I think it’s fine to use with redis-oplog but are you absolutely sure it queries the database everytime I always thought it reads from the local collection?

You subscribe to the current user, it pushes it to the client. And that’s it. Also I’ve never seen multiple data coming down the pipe in websockets when Meteor.user() was called.

So I am curious to find out how you reached this conclusion ?

Thanks for chiming in.

On the client, this.users.findOne(userId) will query minimongo (local cache). On the server, this.users.findOne(userId) would query the MongoDB collection. This package targets the server-side usecase.
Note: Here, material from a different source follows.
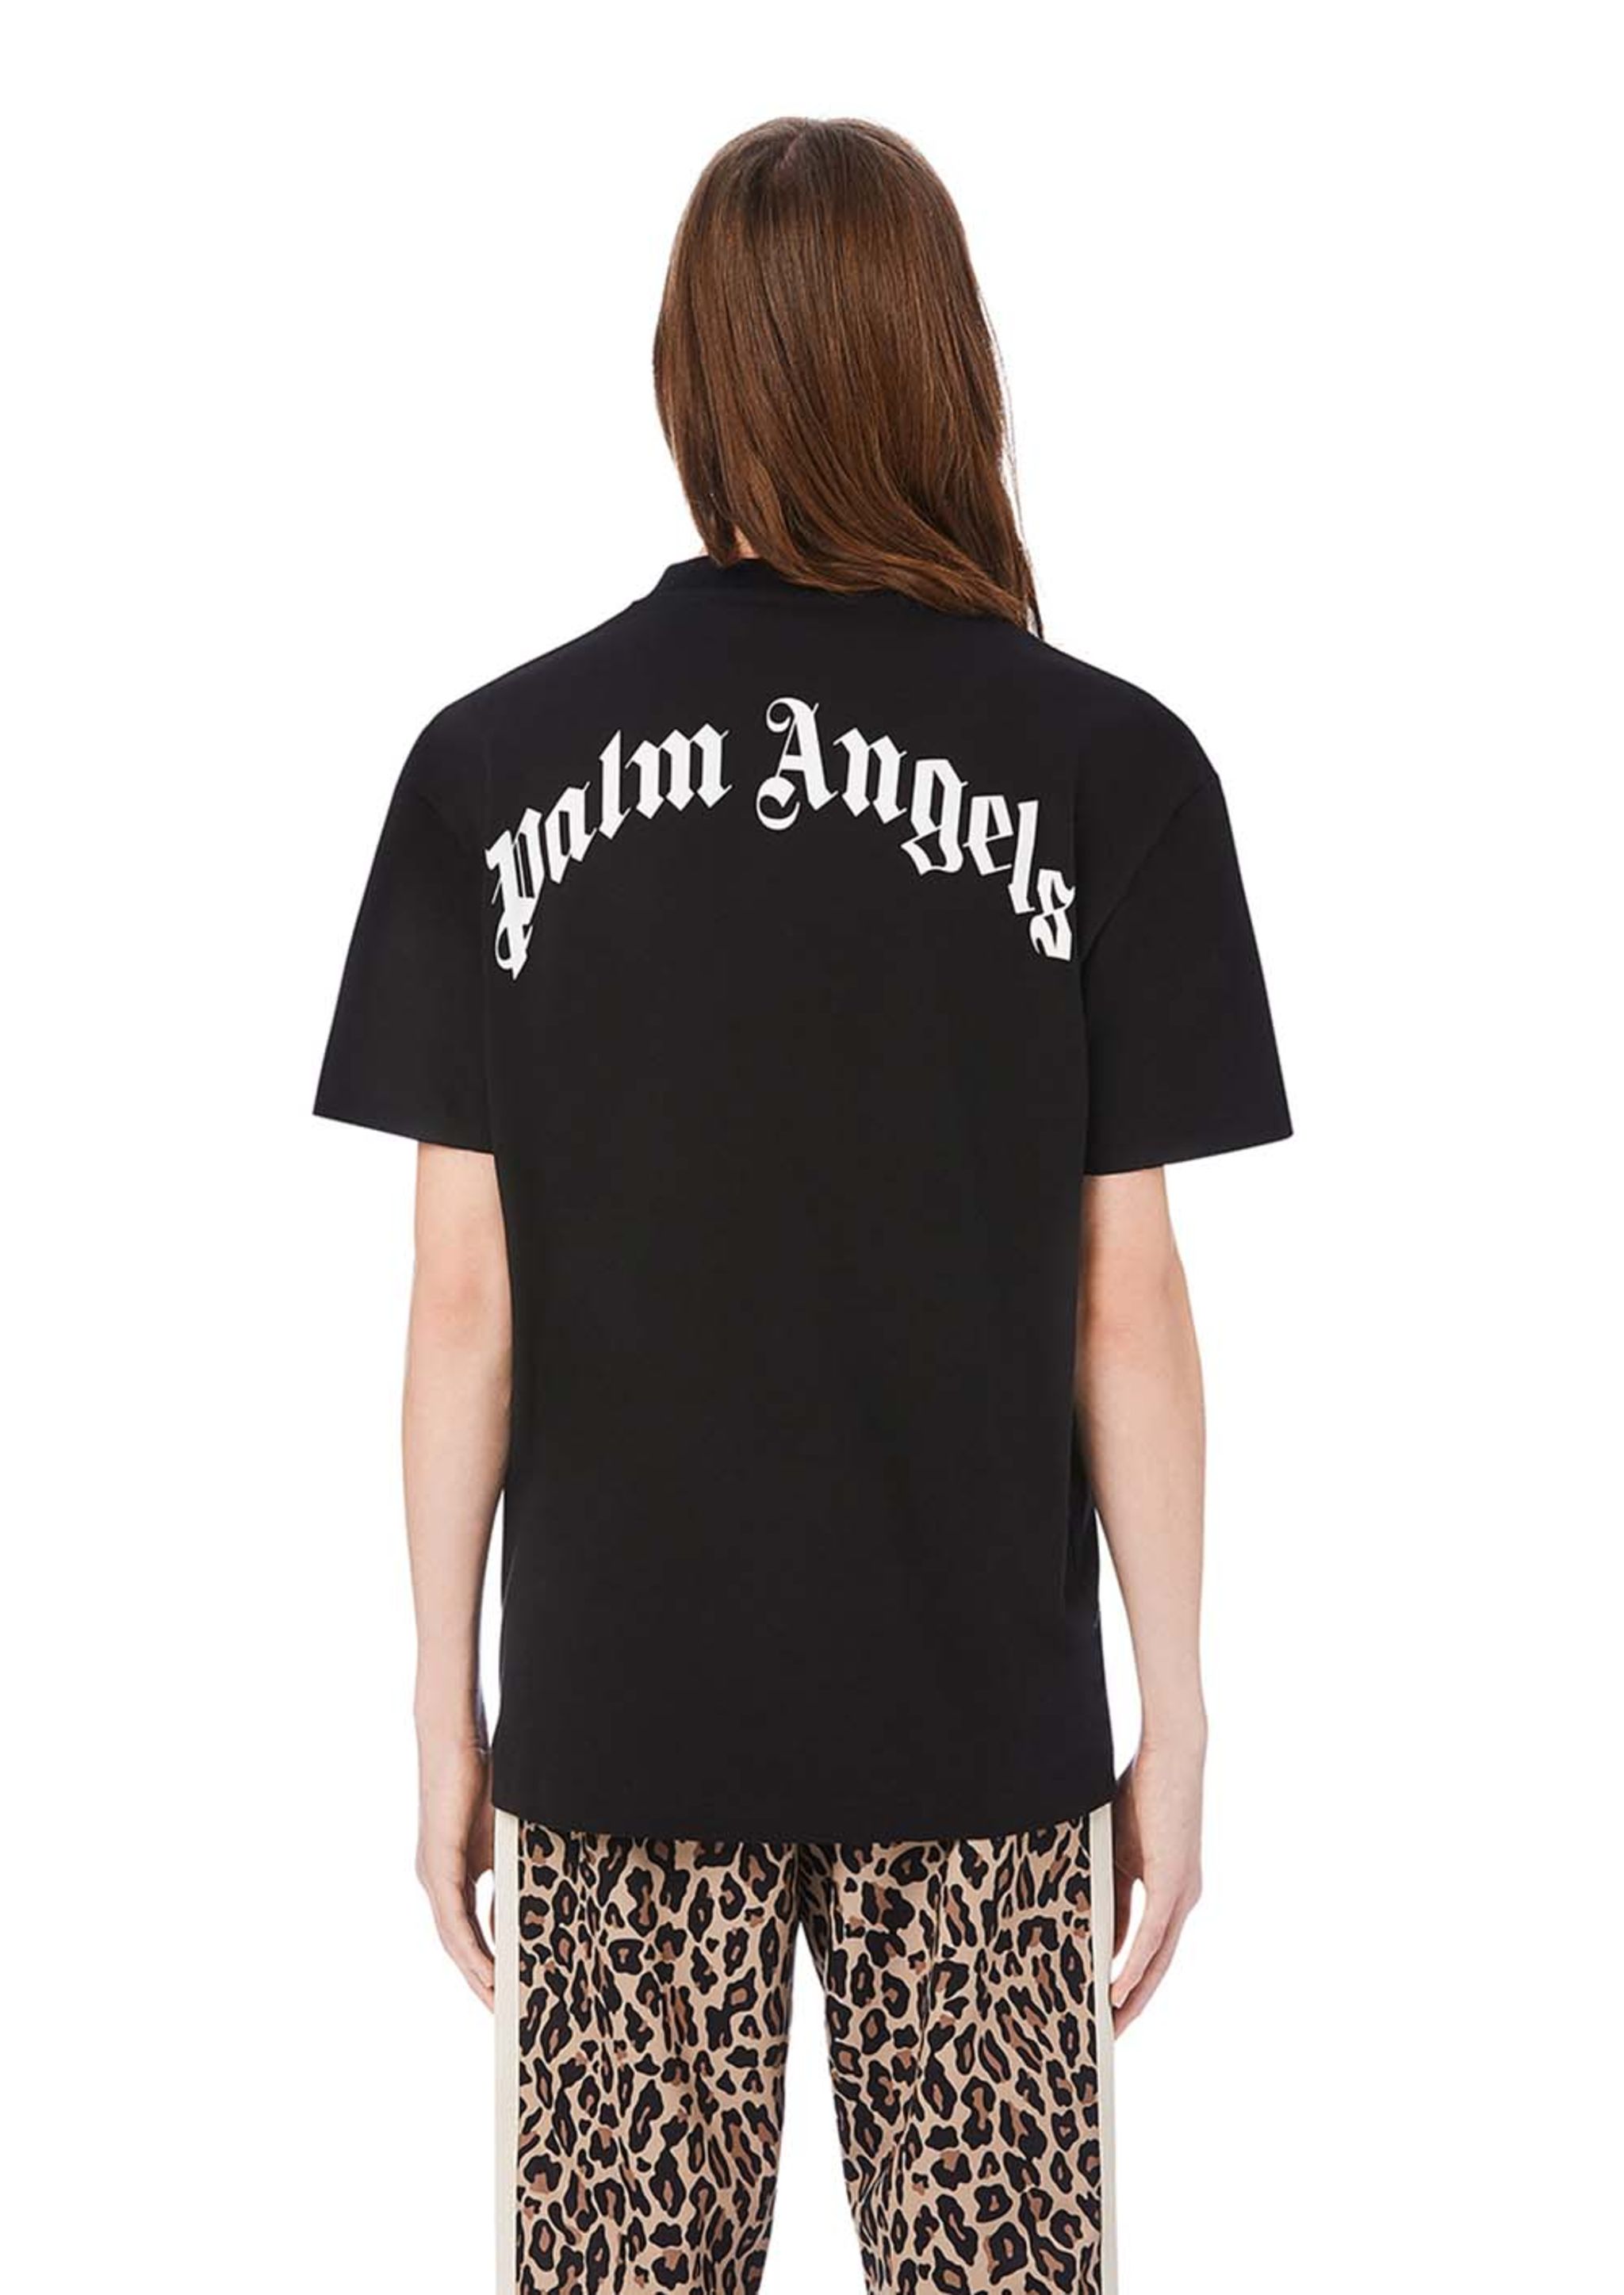 Palm Angels T-shirt – SNW

If you look at this snippet, posted a few posts ago, it would literally query the database four times.

const admin = Meteor.user() && Meteor.user().profile && Meteor.user().profile.role && Meteor.user().profile.role.admin;

It could be optimized like this:

const userDoc = Meteor.user()
const admin = userDoc && userDoc.profile && userDoc.profile.role && userDoc.profile.role.admin;

or by using userCache, which would even bypass the first query that would be made for userDoc, and update it in real-time.

Oh, I now completely understand. I never used Meteor.user() anywhere on the server it’s just too magical. But for those who use it I think that’s fine. I don’t see there how do you invalidate the cache ? I’m curious to understand your approach. What happens if the user’s role gets demoted, or he is suspended ?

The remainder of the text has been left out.